Writing over at the Cato Institute, meanwhile, mortal non-cyborg law professor Glenn Reynolds acknowledges that the creation of godlike robo-humans might have negative consequences for both the environment and the poor souls who choose to remain in their current flesh-bag forms.

“The empowerment of ordinary people is a good thing, but it also carries with it the dangers inherent in empowering bad people,” he writes. “In a world in which individuals have the powers formerly enjoyed by nation-states, an already-shrinking planet can get pretty small.”

So how does Reynolds propose to remedy this? Does he think maybe we should make it illegal to inject the screaming hobo at the local 7-11 with matter-creating nanobots? Why, no! He thinks we should resign ourselves to the fact that the Earth is doomed and instead work on blasting off into space before we all die, since “humanity won’t survive the next thousand years unless we colonize space.”

Reynolds elaborates on this theme in an essay for Popular Mechanics, going into greater detail about the dangers the Singularity could pose for humanity. Among them: nanobots that emit mind-control drugs, computer worms that infect and kill our new robobrains, and even the possibility of putting “world-killer weapons into the hands of anyone having a bad-hair day.” Reynolds admits these things might be potentially bad, but he thinks we ought to go through with them anyway since the free market will naturally create a demand for remedies to nanobot-enhanced cocaine addicts that can fire cruise missiles from their fingers.

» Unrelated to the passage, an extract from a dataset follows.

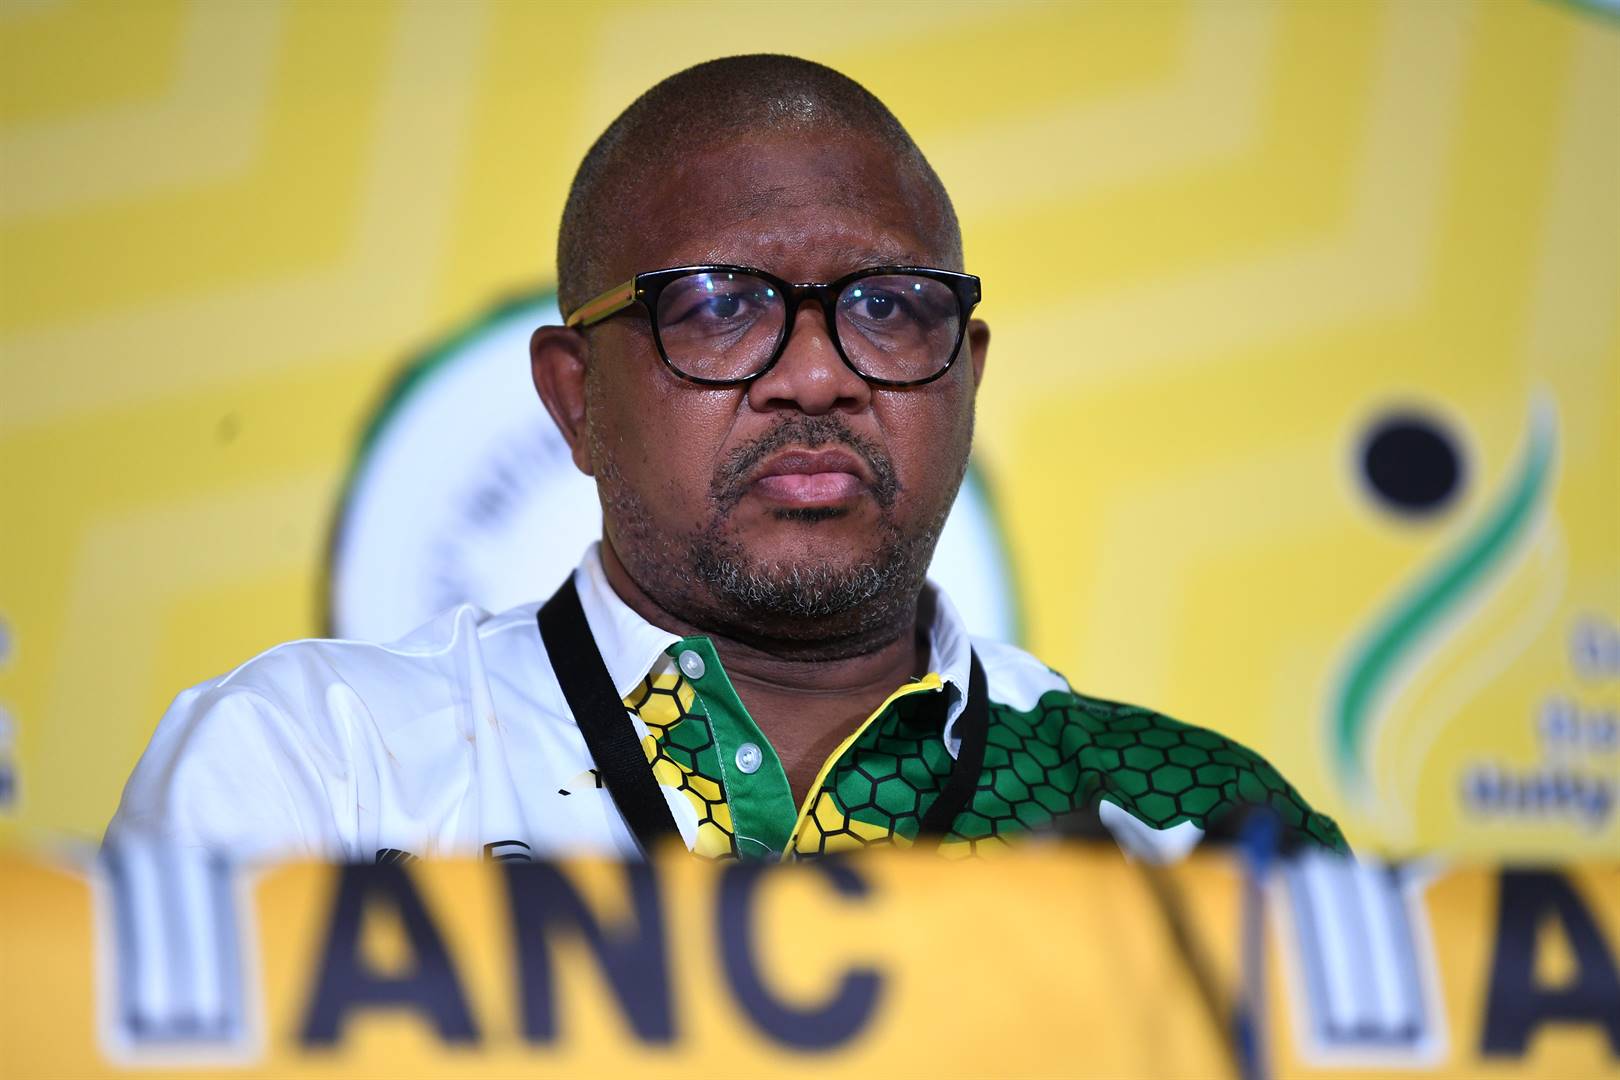 THE DA wants the ANC's secretary-general Fikile Mbalula jailed for contempt of court over failure to hand over the party's cadre deployment records. 
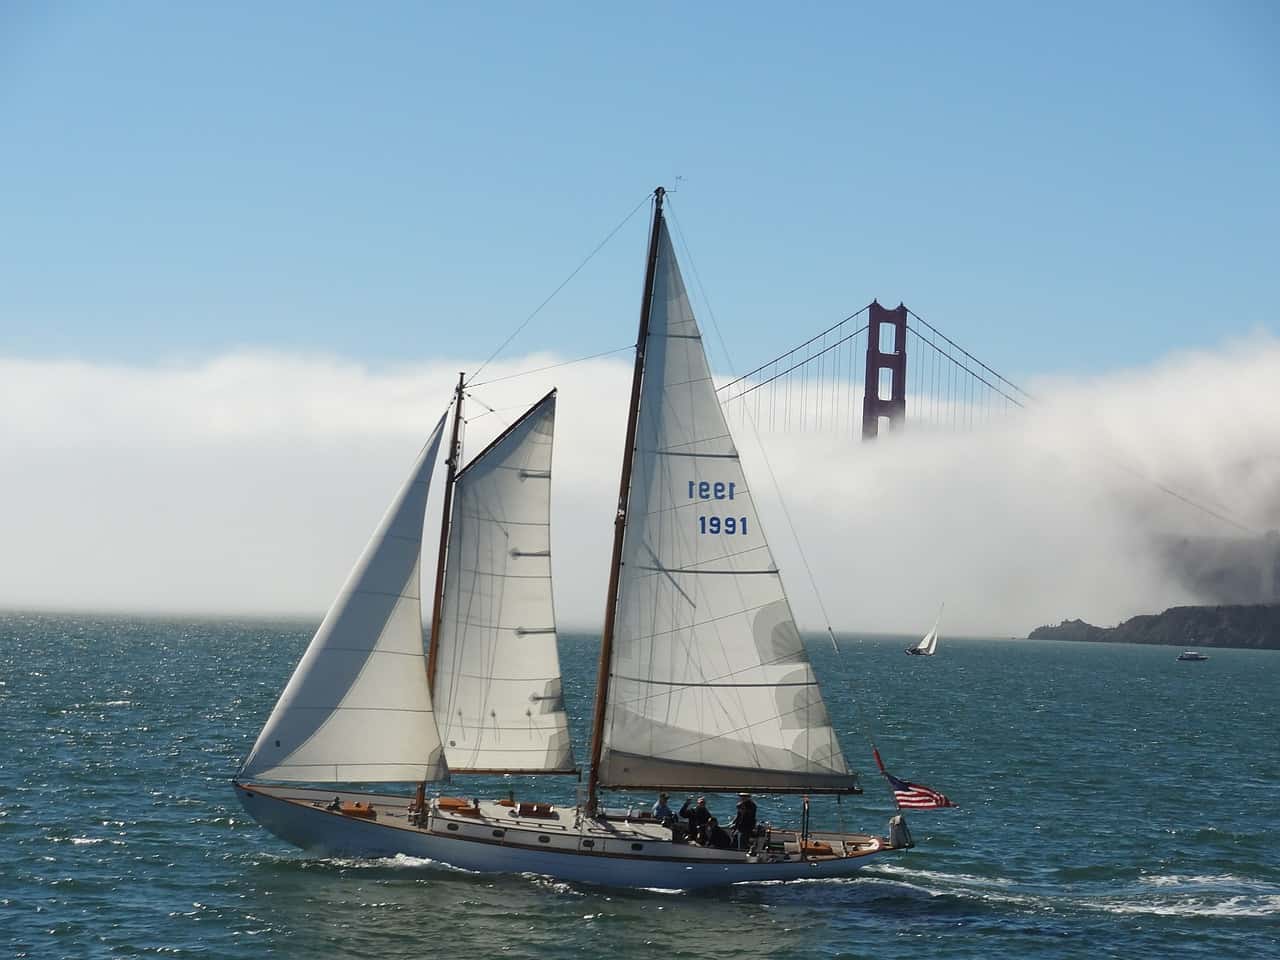 San Francisco Bay Sailing Tour with Drinks is a great San Francisco wine tour option

At this point, it would be good to remember that we as a species have a lot of difficulty cleaning up oil spills and preventing housing bubbles. Or, as libertarian Tyler Cowen has noted on a more trivial level, “I am still waiting for an Internet Explorer that doesn't crash, and for an NBA with the common sense to move out the three-point line.”

The point is, our chances of effectively handling killer microscopic robots are not very good.

Reading the ravings of these libertarian transhumanists should prompt us to ask the ultimate question: Even if technology can help us live forever with our brains uploaded onto a computer chip, is that really a good way to spend eternity? Before you answer, consider the type of people you’d be spending millions of years hanging out with. One of them would be Bryan Caplan, a George Mason University economics professor and another libertarian proponent of unfettered adoption of any and all new technology. Caplan’s dream is to create a clone baby of himself and then raise himself as his own son.

“Yes, I wish to clone myself and raise the baby as my son,” he confessed earlier this year. “I want to experience the sublime bond I'm sure we'd share. I'm confident that he'd be delighted, too, because I would love to be raised by me.”

What kid doesn’t dream of being created as his father’s own vanity project? That beats owning a pony any day.

But seriously, is living forever really worth it if it means you get stuck on the same computer chip as Caplan and his robo-clone kids? No one wants to die, but the thought of living forever among narcissistic libertarian cyborgs makes death’s cold embrace seem more like a squishy hug from the Easter Bunny.